(Extracted data entries)
========

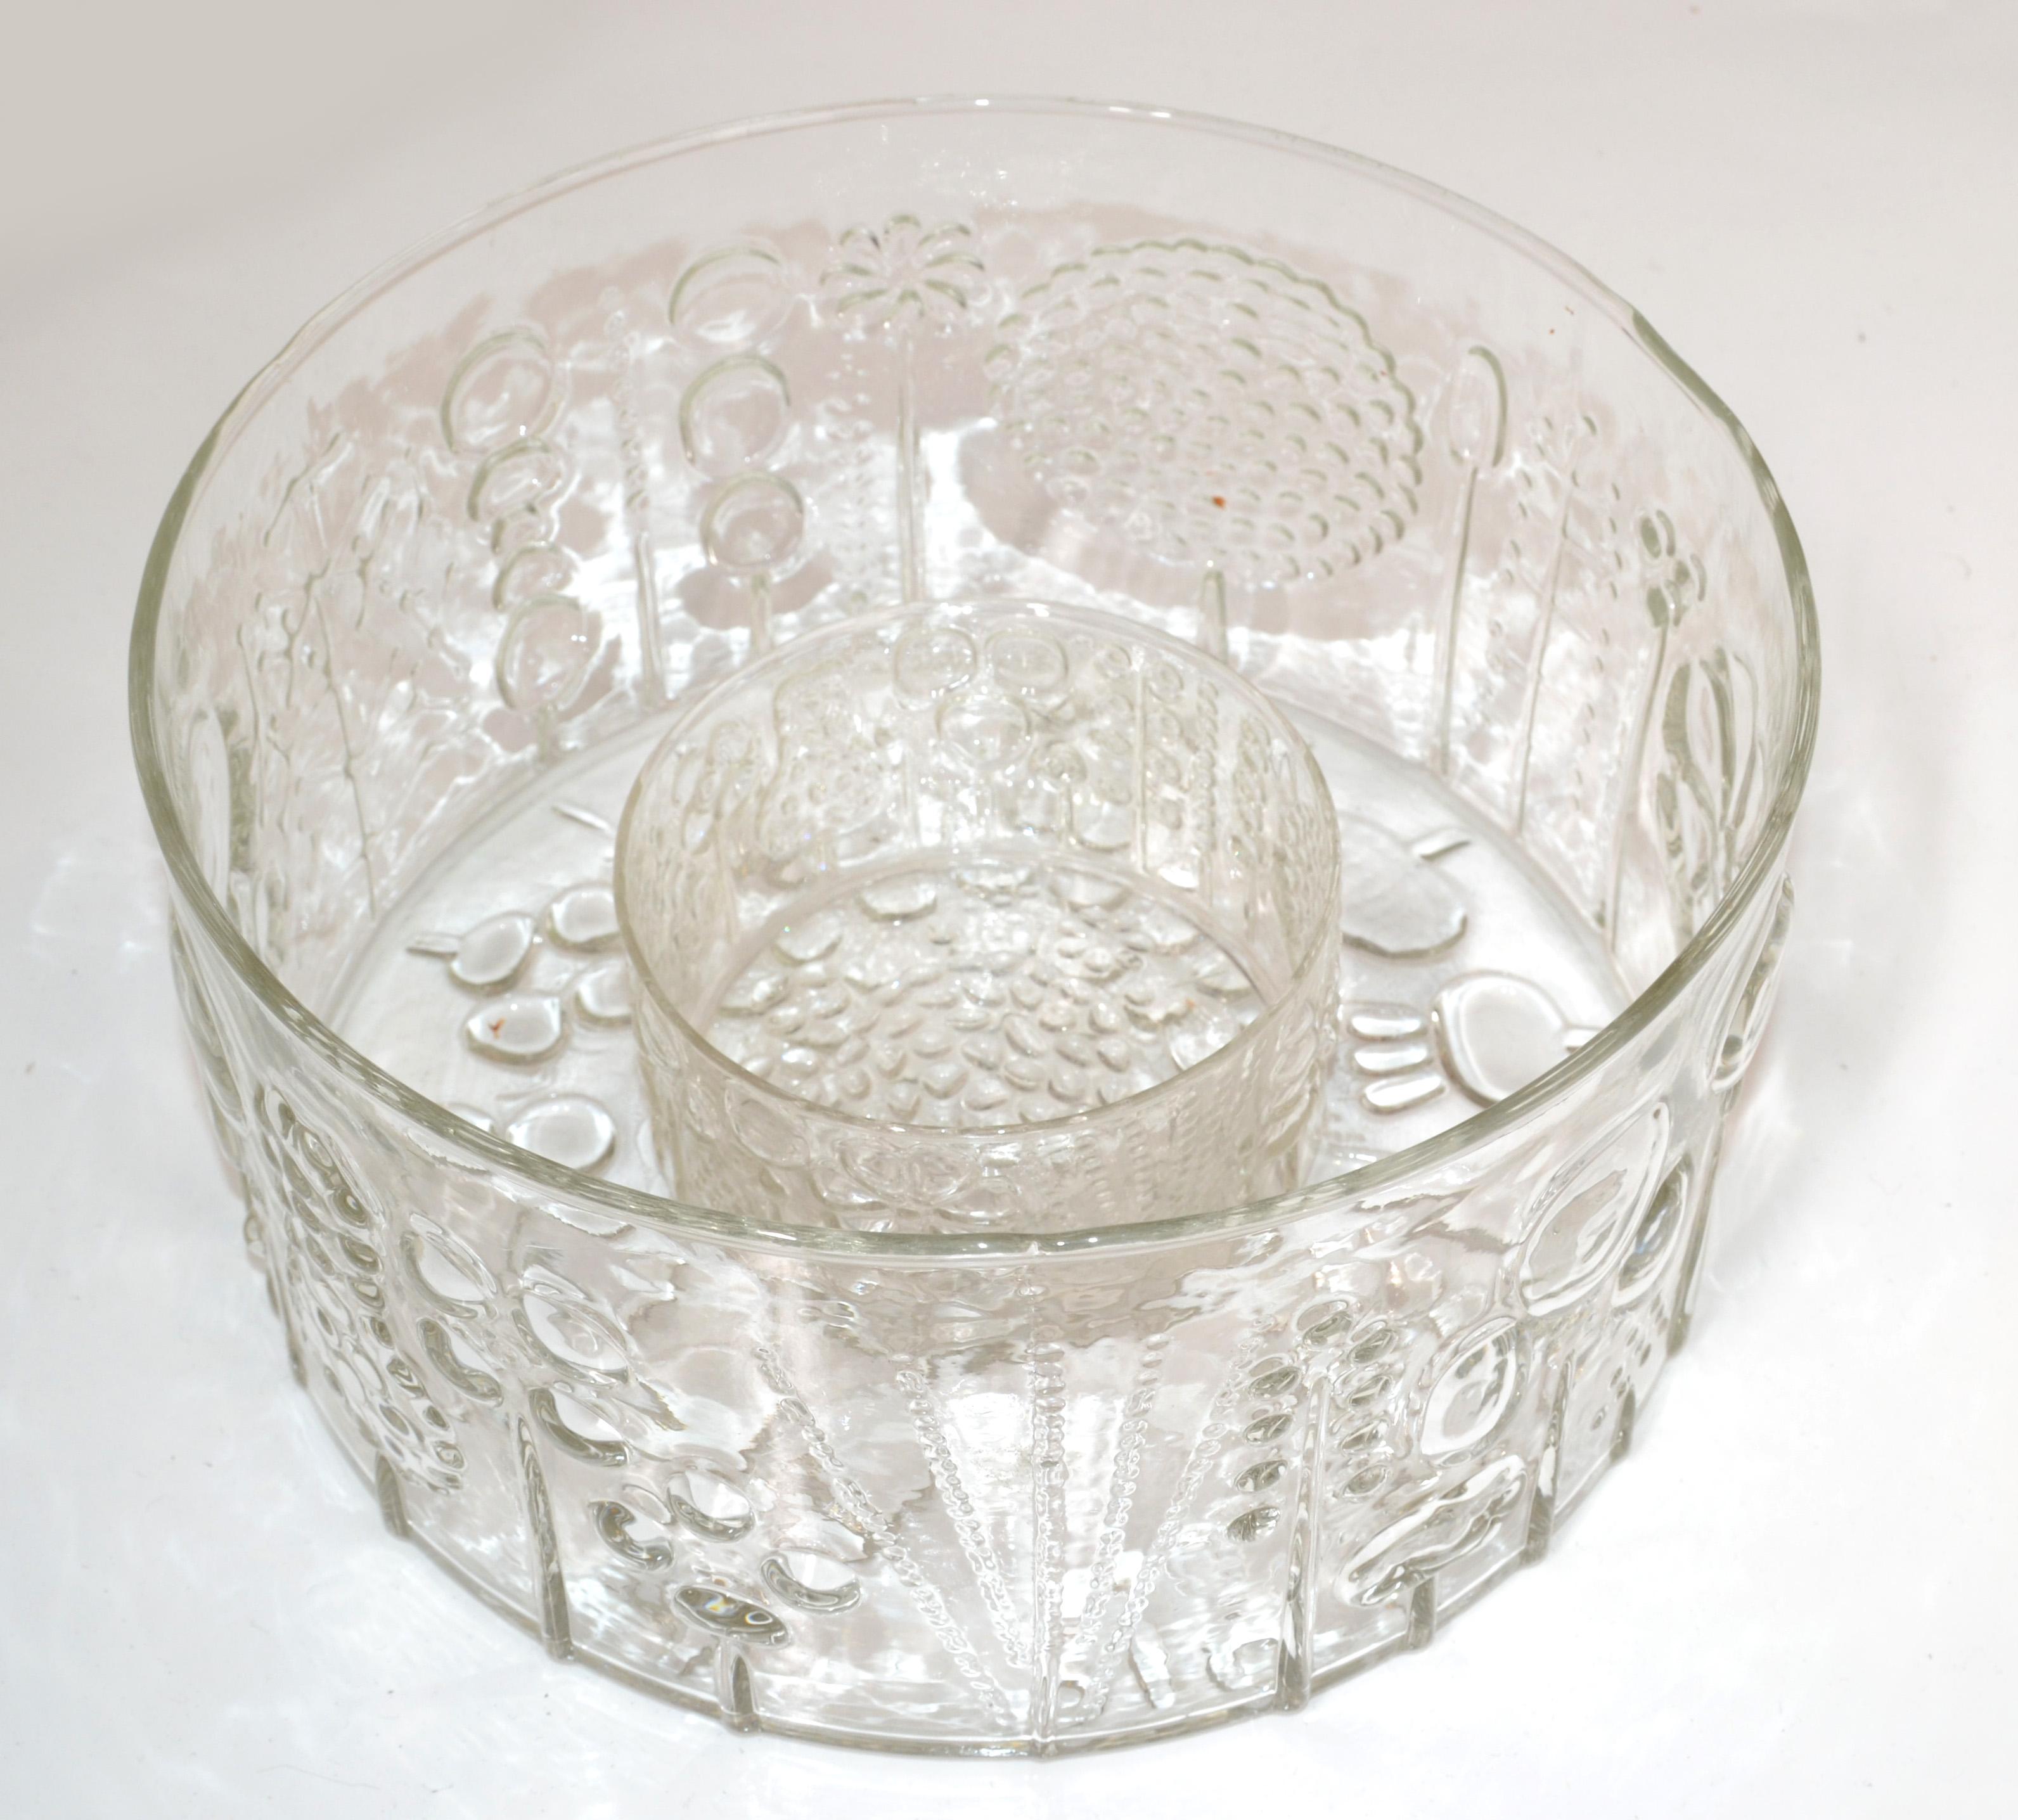 Iittala Scandinavian Modern set of 2 Flora glass bowl, salza serving bowls designed by Oiva Toikka and Nuutajärvi Notsjõ.
This is the larger Size of the serving bowl, and it comes with the small center bowl.
Smaller art glass bowl measures:
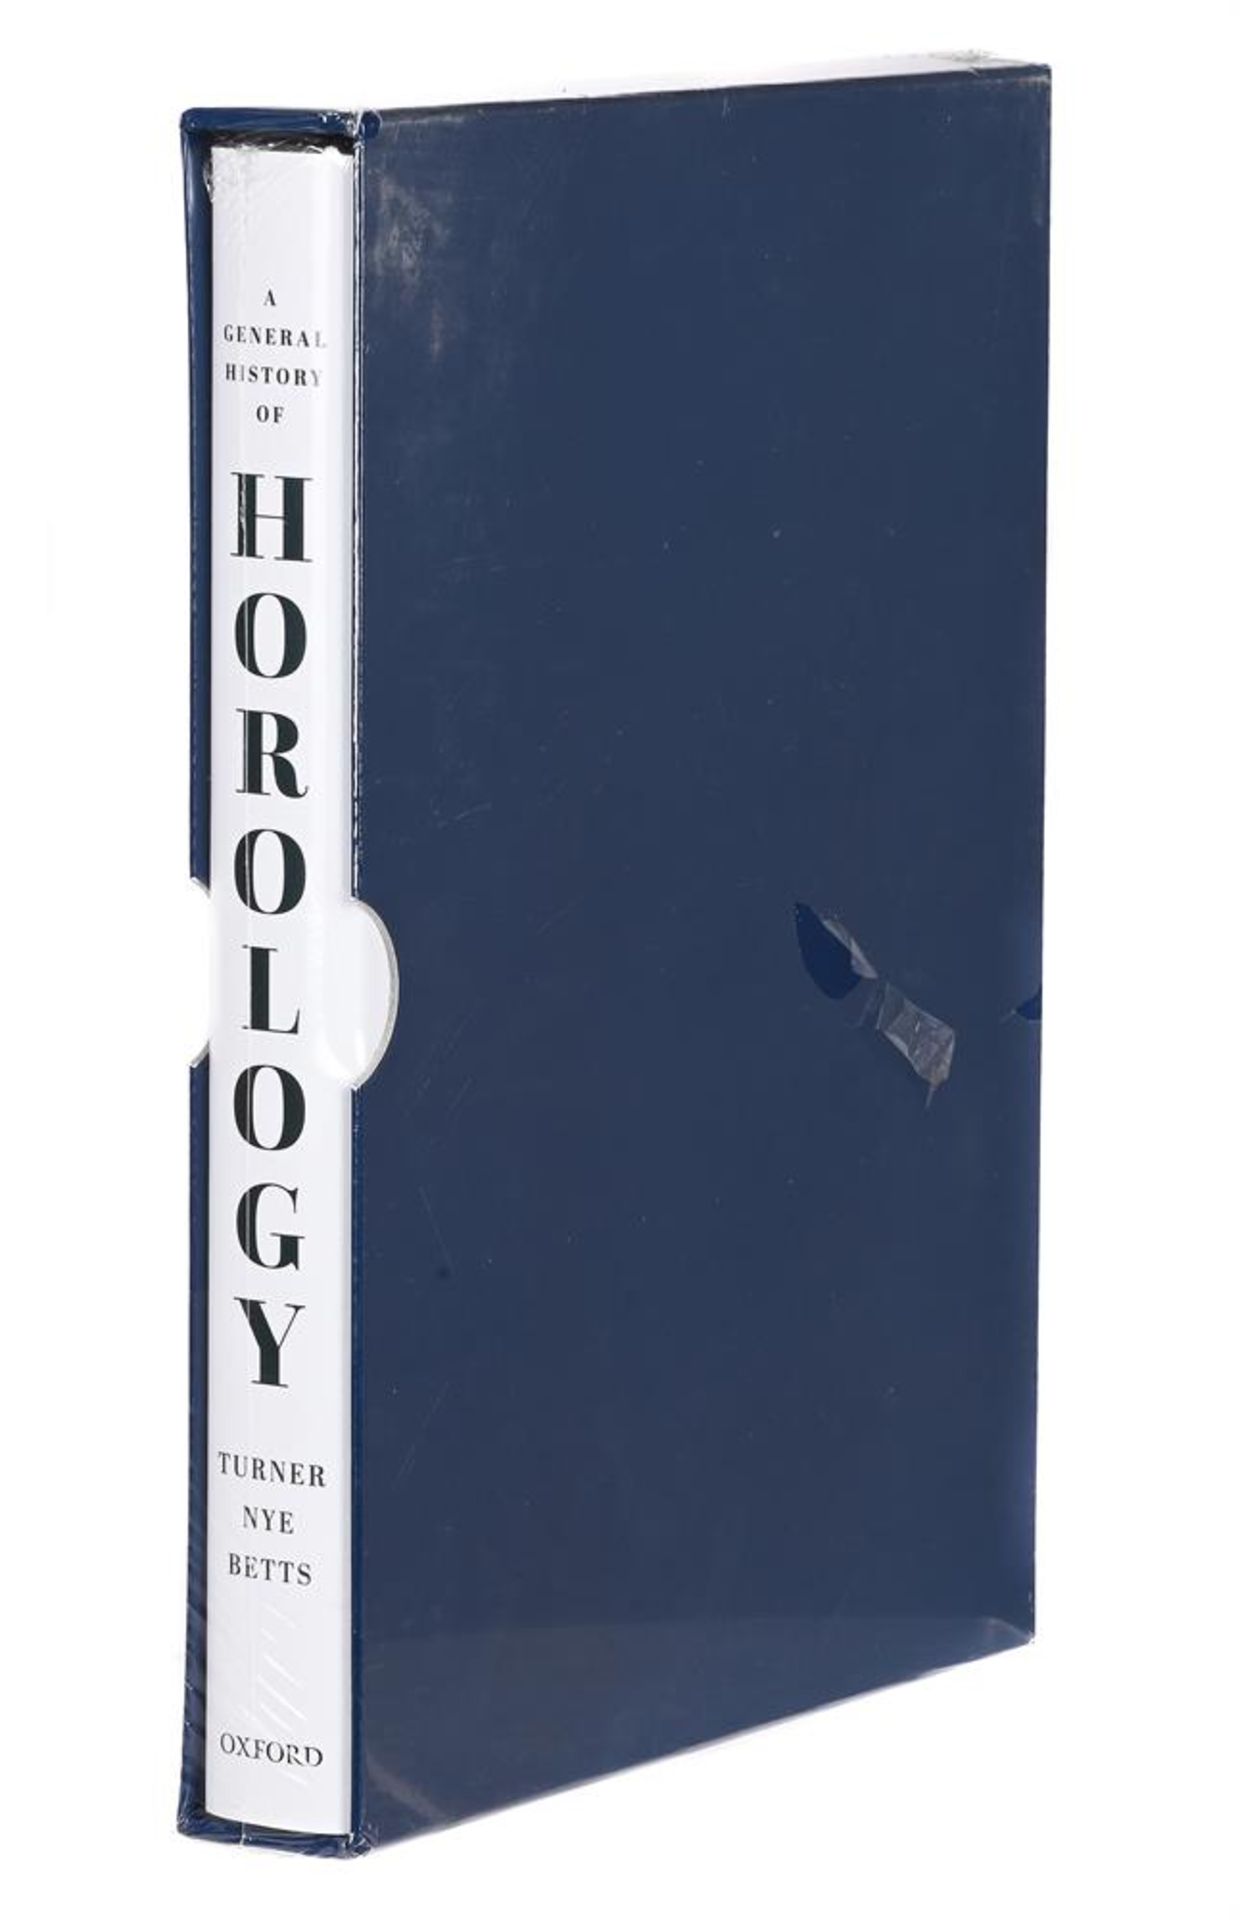 Ɵ TURNER, ANTHONY; NYE, JAMES AND BETTS, JONATHAN 'A GENERAL HISTORY OF HOROLOGY'
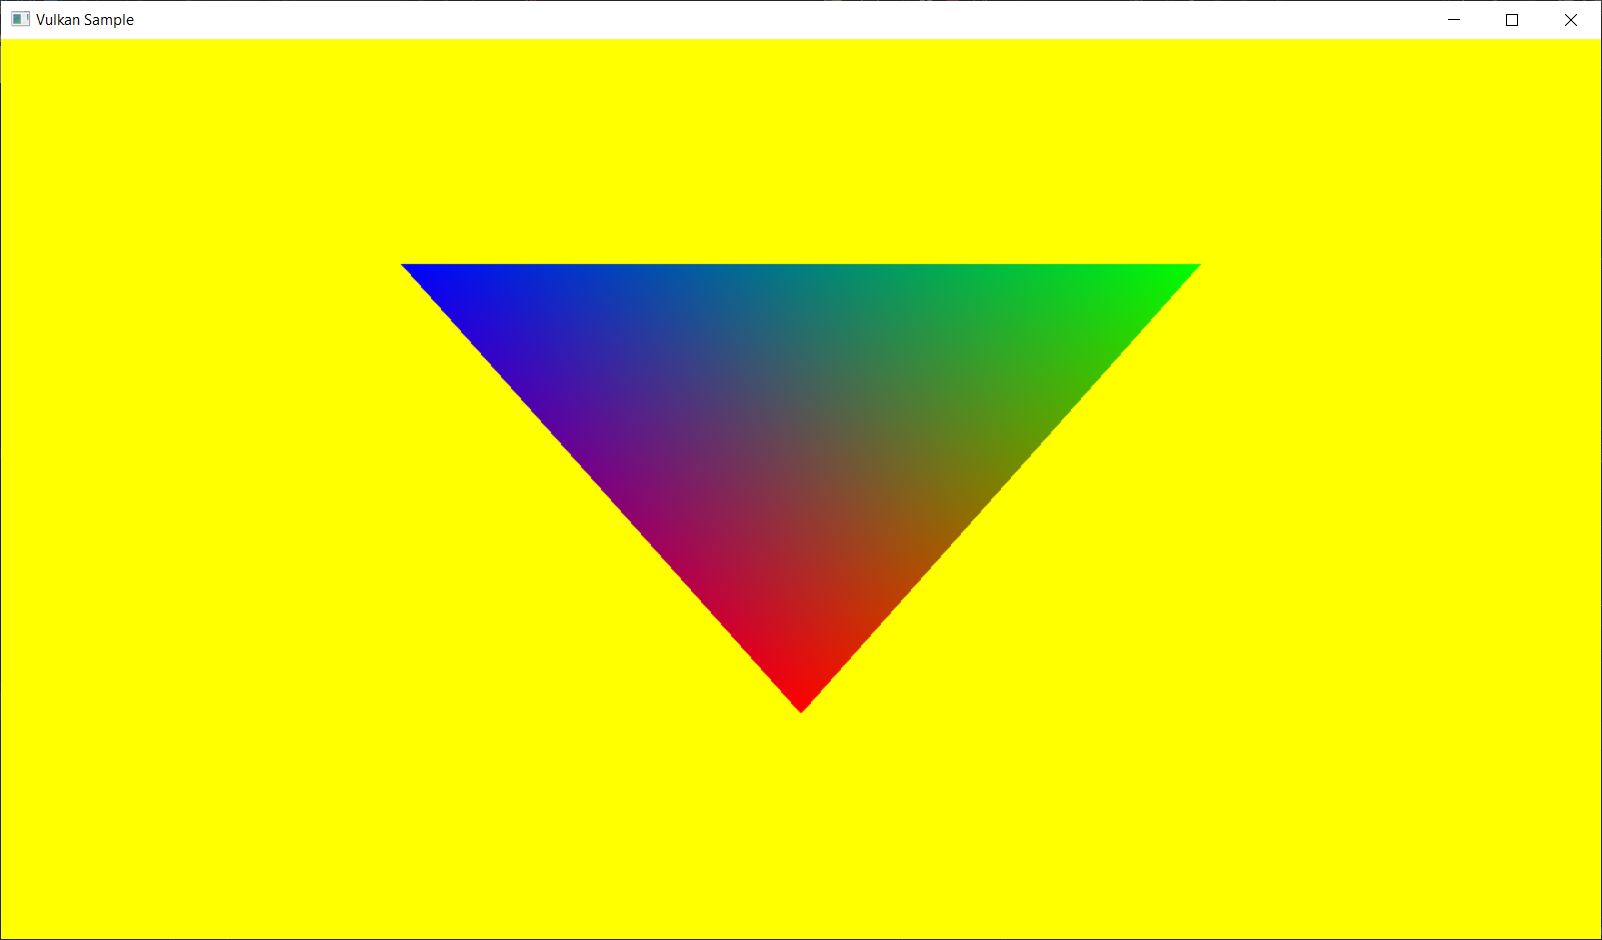 Image of the Triangle sample

========

(Goal of the exercise): Each line from the one containing "Smaller art glass" to the final line of the data must be printed exactly, both included, with nothing else and no pictures.

(Task response):
Smaller art glass bowl measures:
 Ɵ TURNER, ANTHONY; NYE, JAMES AND BETTS, JONATHAN 'A GENERAL HISTORY OF HOROLOGY'
 Image of the Triangle sample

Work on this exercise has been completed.